##### Dataset section #####

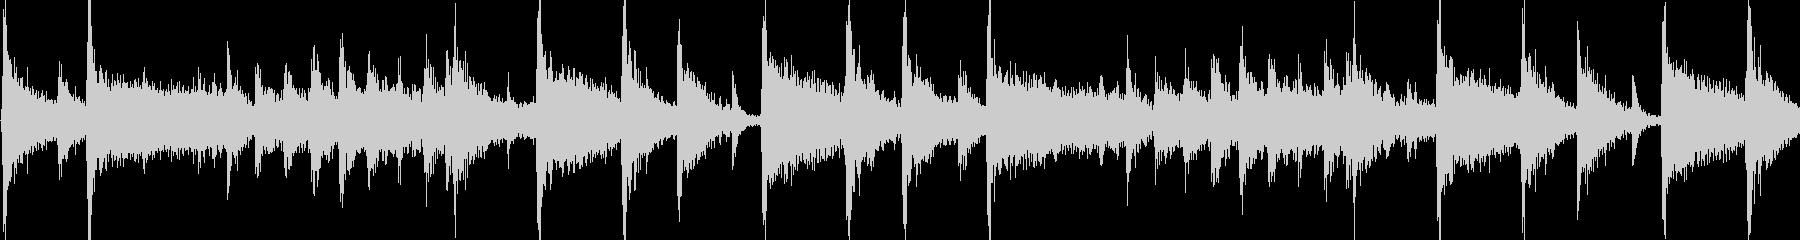 明るく陽気なフュージョンジングル_ループの未再生の波形
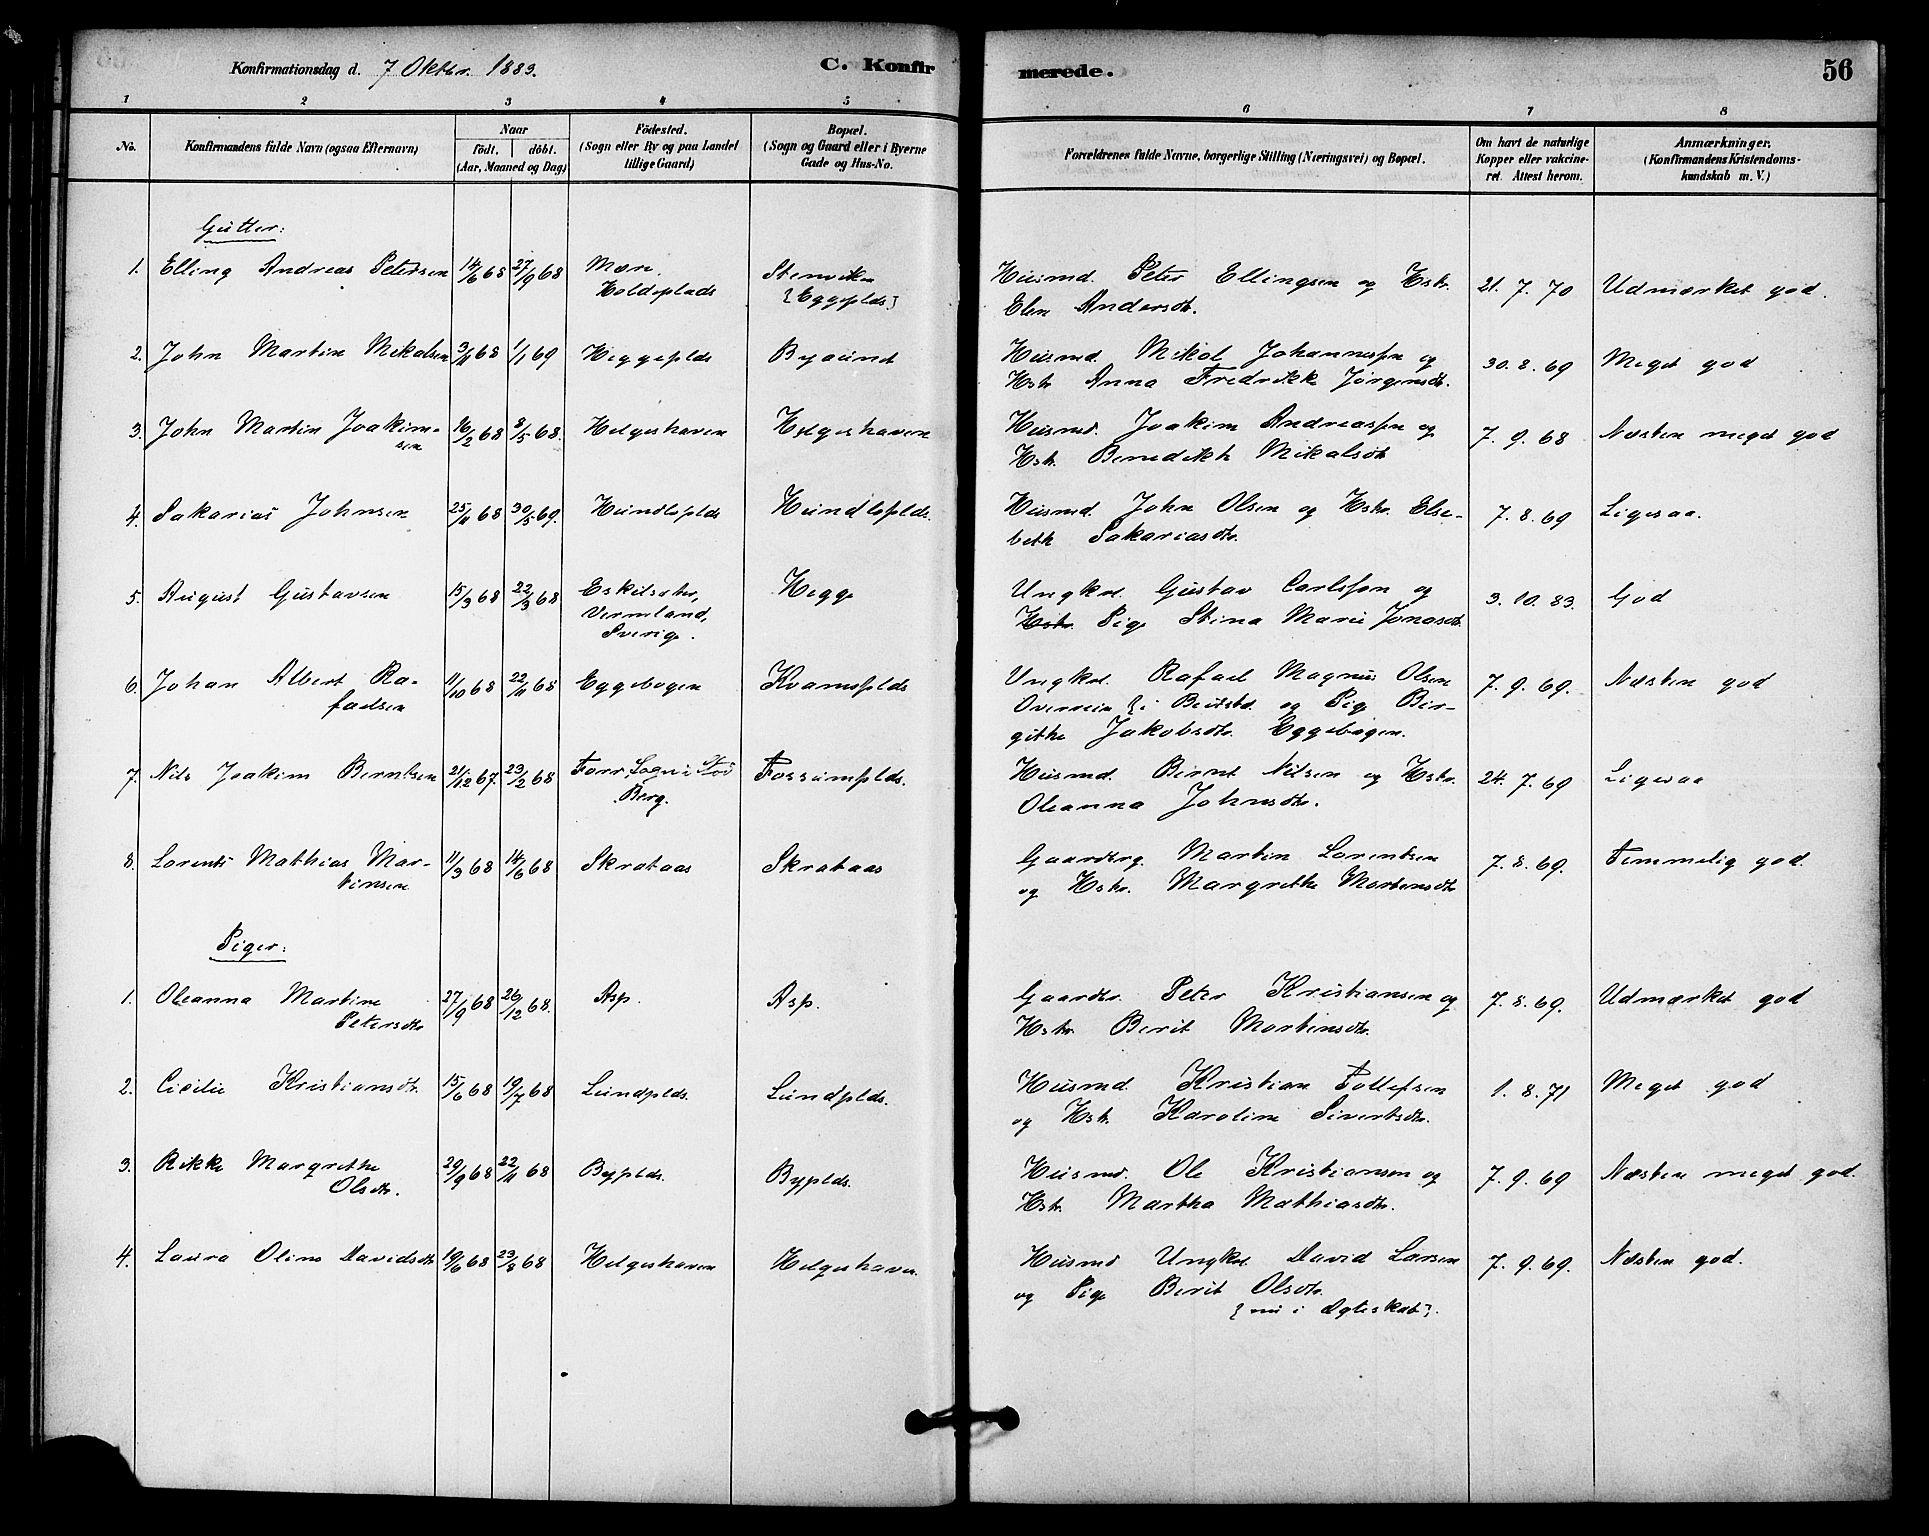 SAT, Ministerialprotokoller, klokkerbøker og fødselsregistre - Nord-Trøndelag, 740/L0378: Ministerialbok nr. 740A01, 1881-1895, s. 56
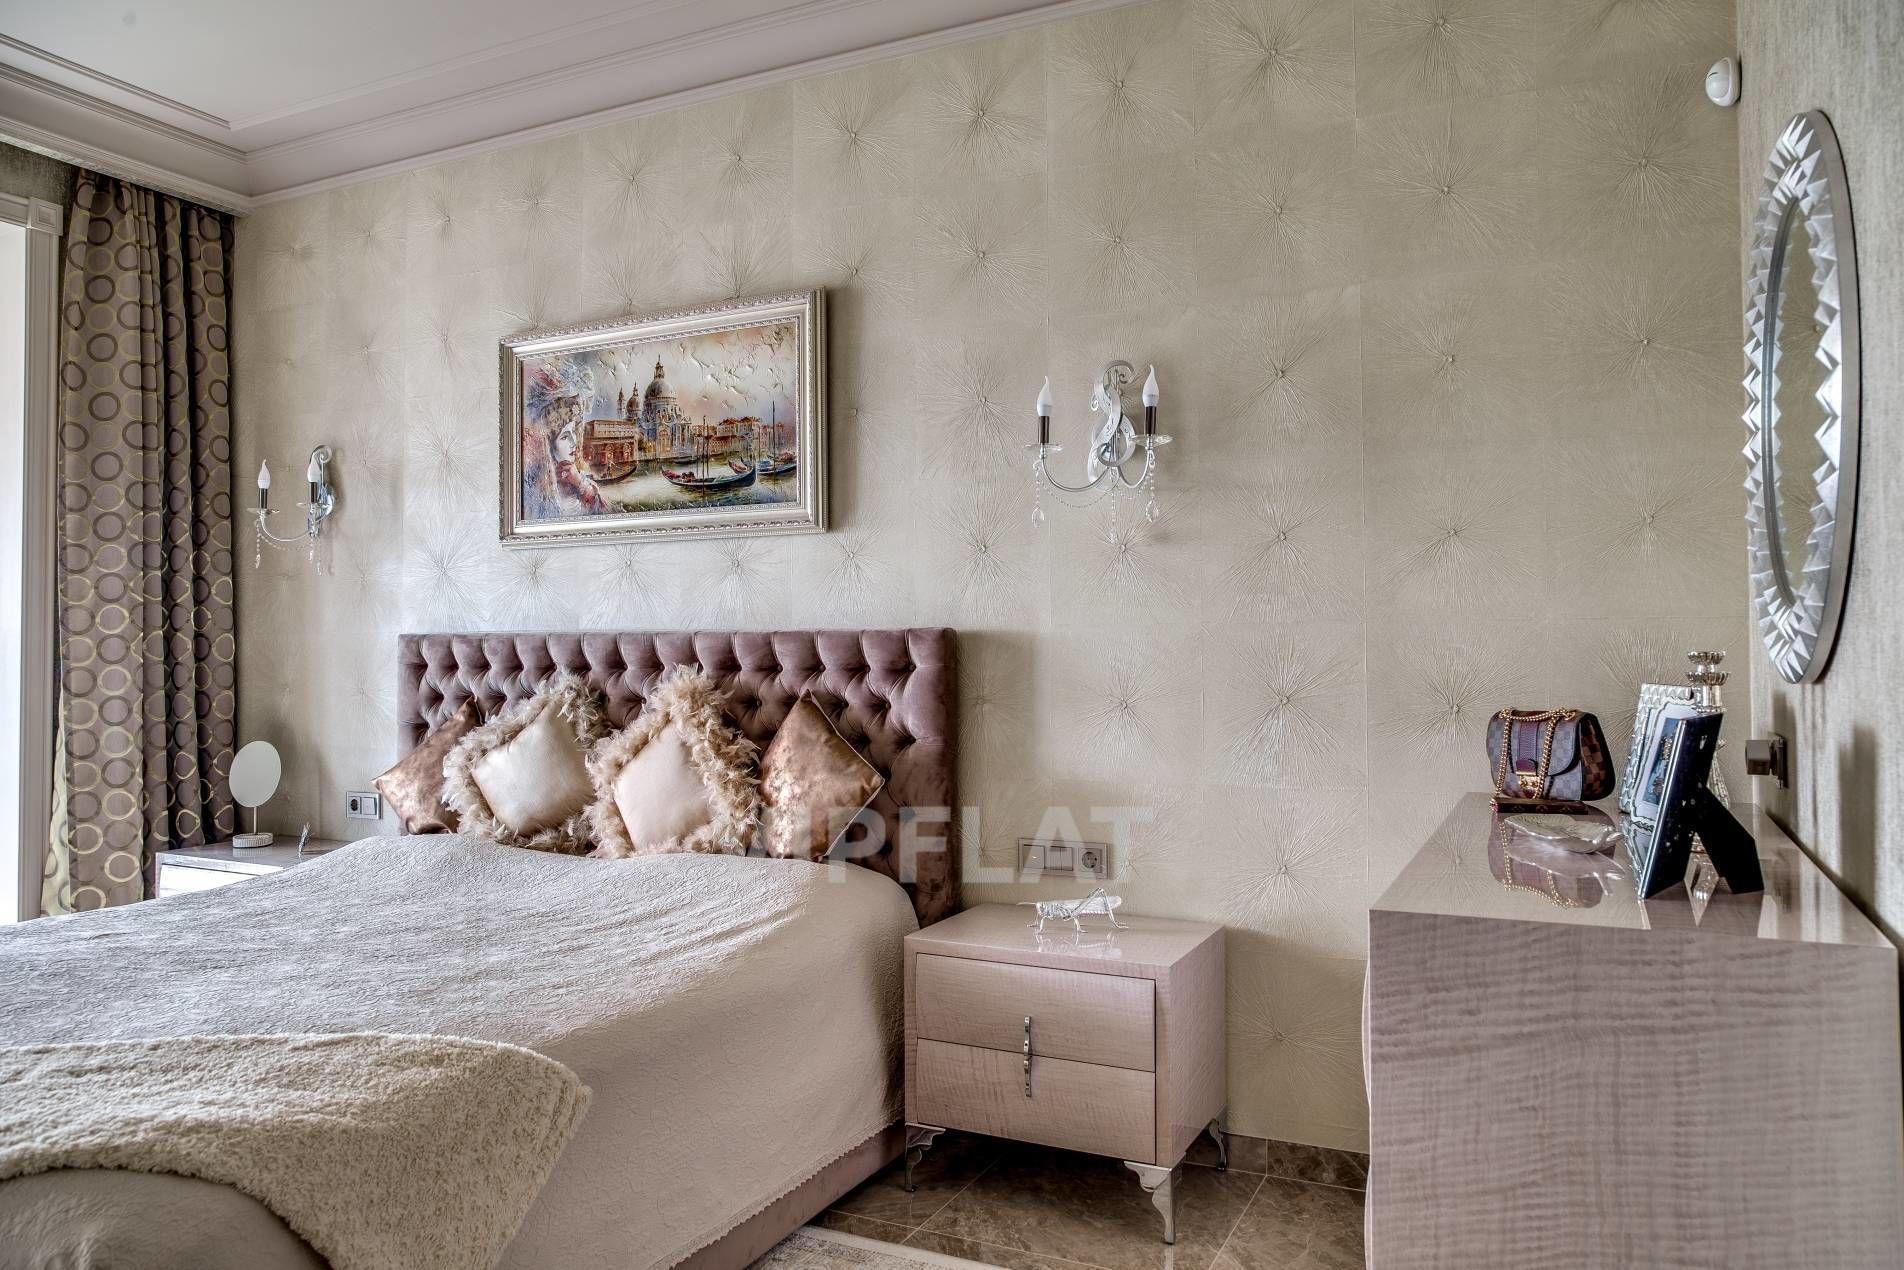 Продажа элитных квартир Санкт-Петербурга. Космонавтов пр., 63 к. 1 Интерьер спальни

#####

Only the pictures may be dropped when you copy the data above; everything else stays exact.

* [Written solution]
 明るく陽気なフュージョンジングル_ループの未再生の波形
 SAT, Ministerialprotokoller, klokkerbøker og fødselsregistre - Nord-Trøndelag, 740/L0378: Ministerialbok nr. 740A01, 1881-1895, s. 56
 Продажа элитных квартир Санкт-Петербурга. Космонавтов пр., 63 к. 1 Интерьер спальни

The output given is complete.